Conference reports, TB coinfection
Adherence of TB patients on self-administered treatment
Nathan Geffen, TAC
In the October 2009 issue of HTB South, we described a pilot study by Atkins and colleagues in which TB patients self-administered treatment. [1] At the World Lung Conference, a poster by MSF examined self-administered treatment at a site in Homa Bay, Kenya. [2] This is in contrast to direct observation of treatment recommended by the World Health Organisation (WHO).
This cross-sectional study consisted of a survey of 279 potentially eligible patients taken from the TB register in November 2008 and June 2009. Of these, 67 (24%) did not participate because five never started treatment, 20 defaulted before the survey, 11 were dead, four were hospitalised, 13 refused to consent to the home visits necessary to carry out the survey and 14 were not found. Patients received education on TB treatment. They had to collect their medicines weekly during the intensive phase and monthly during the continuation phase.
The survey consisted of four measurements: an interviewer-administered questionaire, visual analogue scale in which the patient estimated adherence in the last month, pill counts and an isoniazid urine strip test. For those who participated the median age was 35 years, 46% were female, 79% had pulmonary TB and 69% were HIV-positive. Of those who were HIV-positive, 73% were on ART.
The interviewer-administered questionaire asked questions about pill intake over the past four days. If patients responded that they had taken all their pills, their adherence was described as exact. If they took 75% of their pills, their adherence was described as satisfactory, else their adherence was described as unsatisfactory. 95% were exact, 3% satisfactory and 2% unsatisfactory.

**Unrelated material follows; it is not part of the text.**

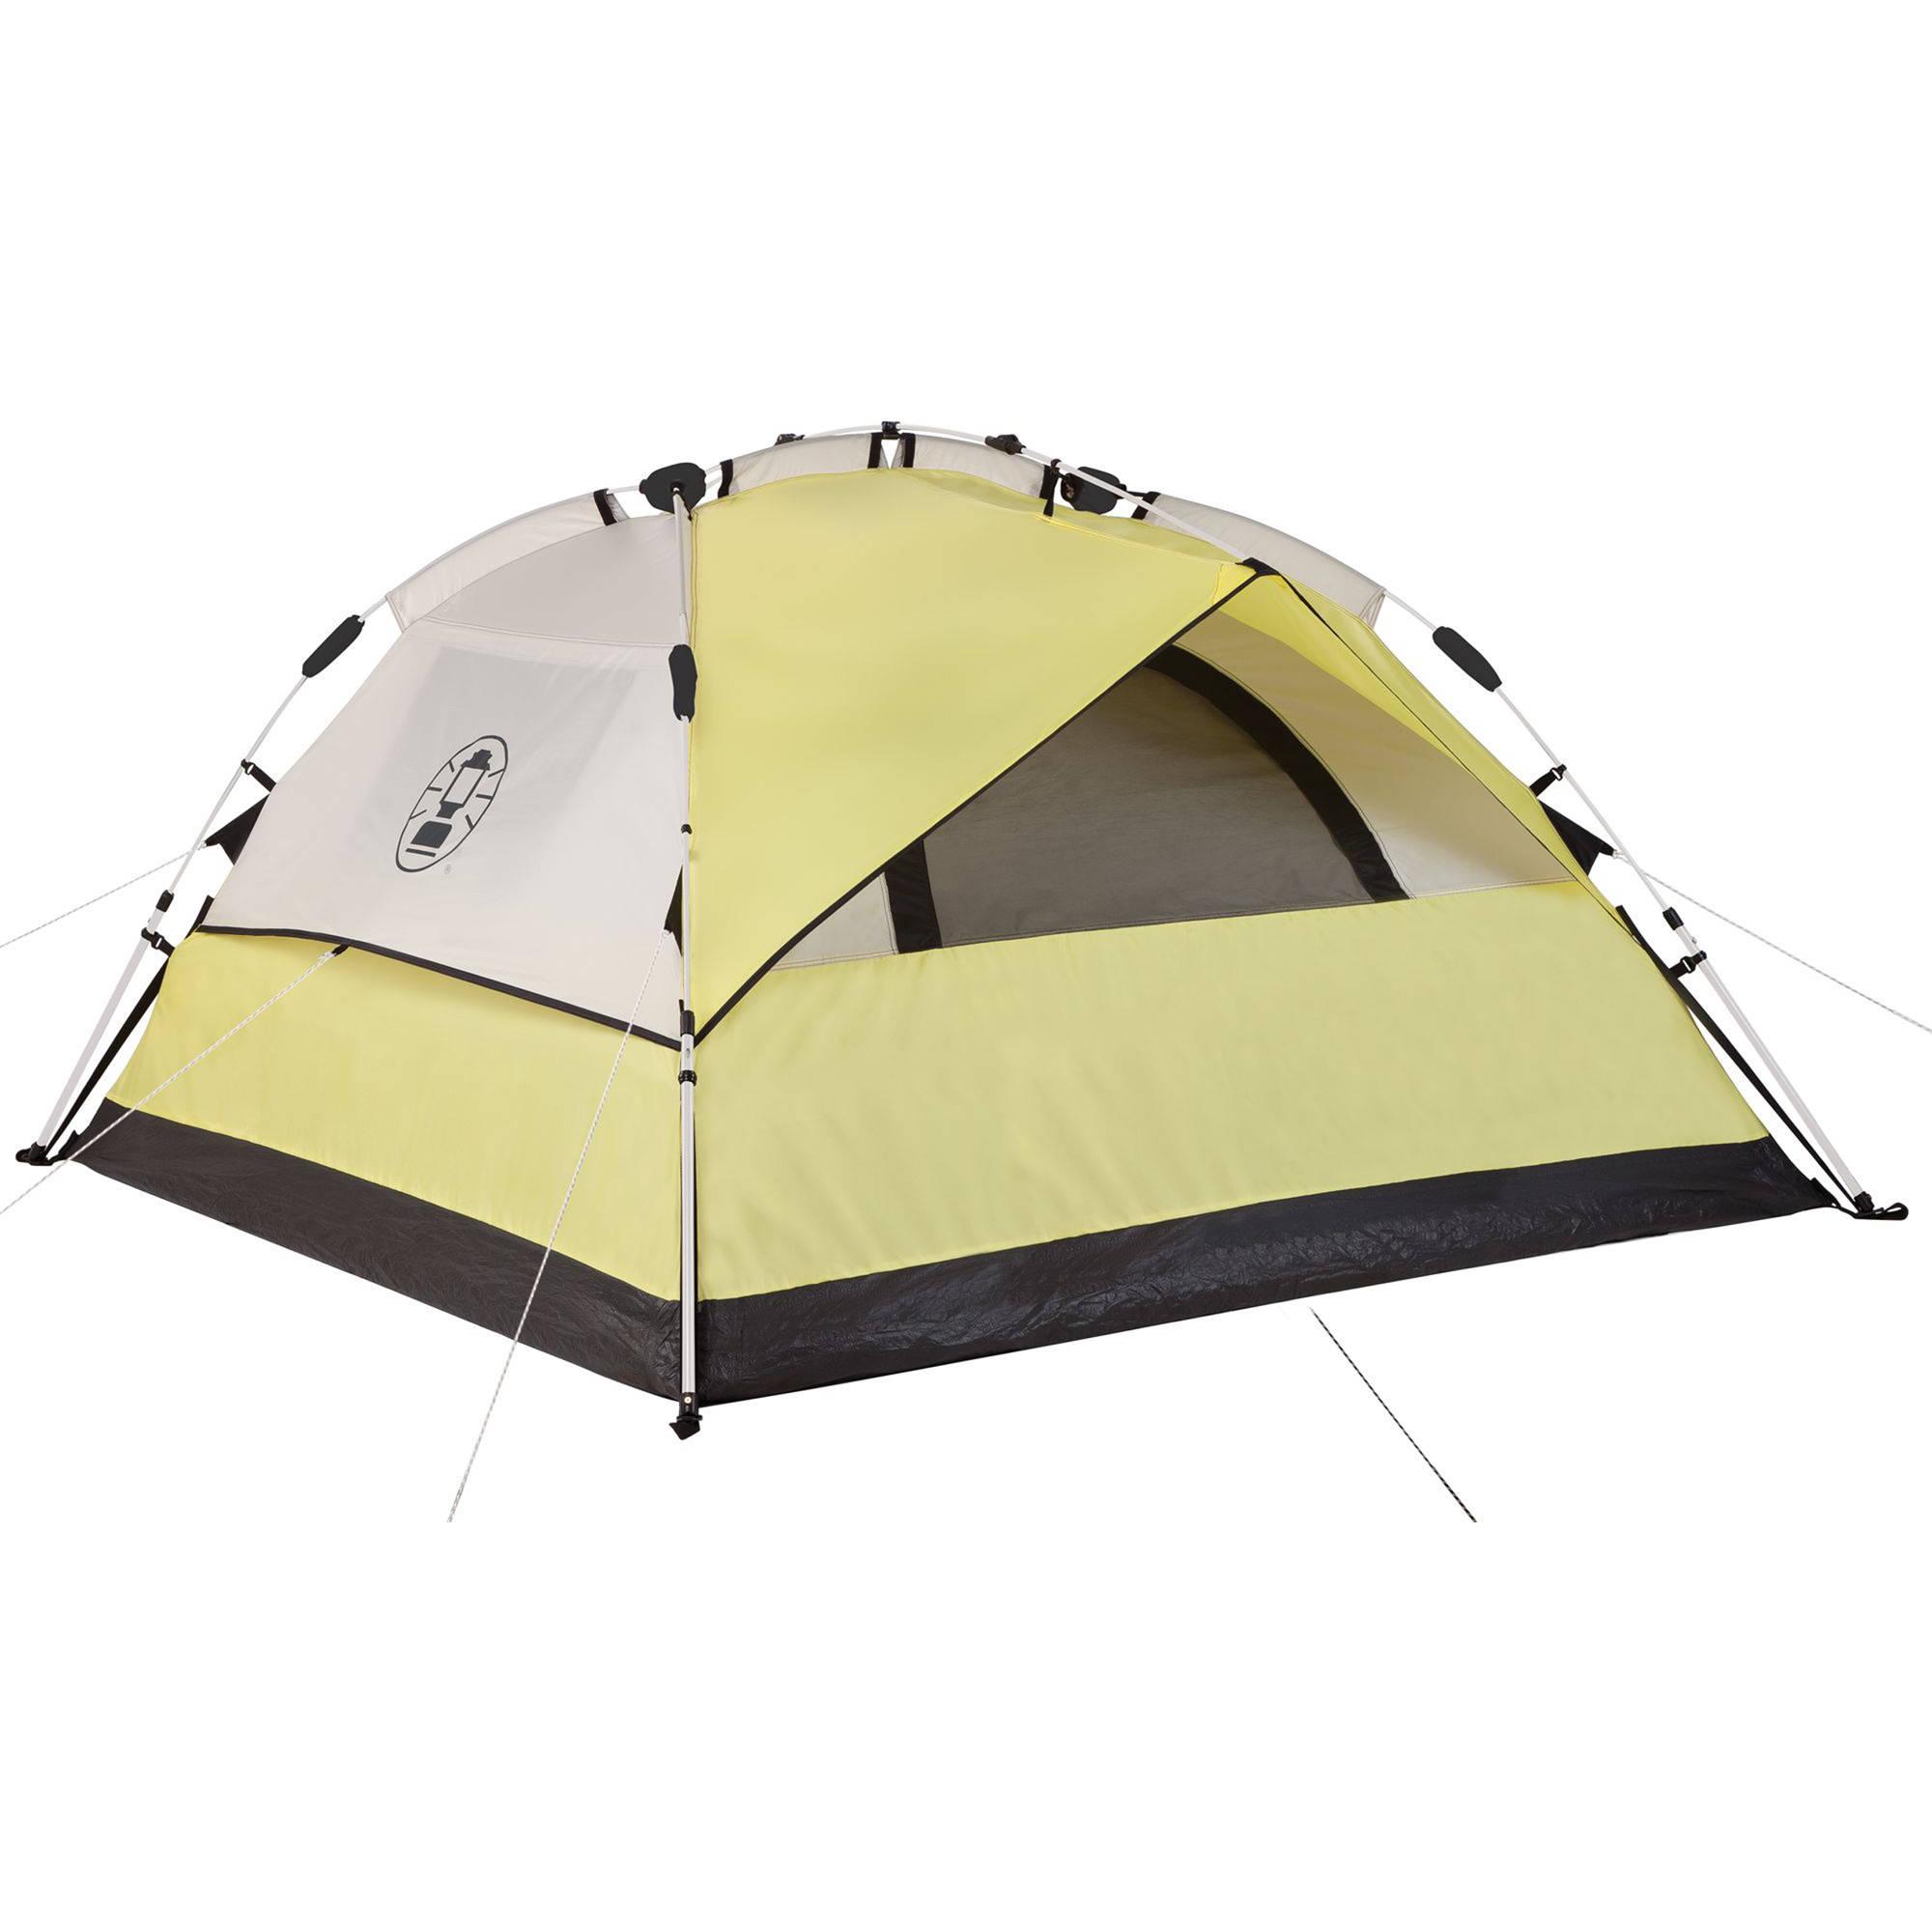 Coleman Instant Dome Tent (4-Person). As shown on manufactureru0027s web site  sc 1 st  Bu0026H & Coleman Instant Dome Tent (4-Person) 2000015673 Bu0026H Photo Video

On the Visual Analogue Scale assessment, patients were asked: “How much of your prescribed TB medications have you taken in the last month?” 93% answered 90-100%. 7% answered 80-90% and only one patient answered less than 80%.
Overall, 98% of patients tested positive for isoniazid. Pill counts results were described as exact if 100% of pills were taken, satisfactory if at least 80% of pills were taken and unsatisfactory otherwise. 84% were exact, 10% satisfactory and 6% unsatisfactory. However pill count data was unavailable for 64 patients.
There was no significant difference observed between the intensive and continuation phases for any of the four measures of adherence nor were there significant differences between HIV-positive and HIV-negative people, nor between people on ARVs and people not on ARVs.
Reasons given for non-adherence varied with 17 patients giving 36 reasons, the most common being “ran out of pills” (8 patients), followed by “away from home” (7 patients), followed by, “forgot to take medication” (6 patients).
The Kappa coefficient measures agreement between qualitative assessments. A Kappa < 0.4 is moderate or poor agreement, 0.4 – < 0.75 is fair to good agreement and ≥ 0.75 is excellent agreement. The only combination of assessments that had fair to good agreement was INH positivity and the questionaire (Kappa = 0.43). All other binary comparisons of the assessments had poor to moderate agreement.
The authors pointed out that the INH test was expensive and needed a cold chain and that pill counts had poor reliability and inconsistent data. Therefore they state that in routine settings, the questionaire and visual analogue scale should be the preferred adherence measurement tools. They also state that adherence measurements should not be based on just one tool.
The authors concluded that adherence was high among surveyed patients but acknowledged that the study was limited by several factors including that only patients who consented to home visits were surveyed, the adherence visit was sometimes too close to the last visit and patients who defaulted before the survey were not included.
comment
At the time of the conference, data was not yet available to adequately compare patient outcomes and adherence. Hopefully the researchers will publish this soon.
While this study has some serious limitations–particularly that it does not examine patients who were not adherent before the survey started–observational data is accumulating that self-administered treatment for TB can compete with the directly observed treatment model promoted by the WHO. A randomised open-label trial to compare these methods is warranted. Such a trial should compare health outcomes and adherence, but also perceptions of patient dignity, travel costs incurred by patients and cost to the health system.
References
1. Geffen N. 2009. Overview of TB-related studies at IAS.
2. Huerga H et al. 2009. Adherence to self-administrated tuberculosis treatment in Homa Bay, Kenya. 40th World Lung Conference, Cancun, December 2009.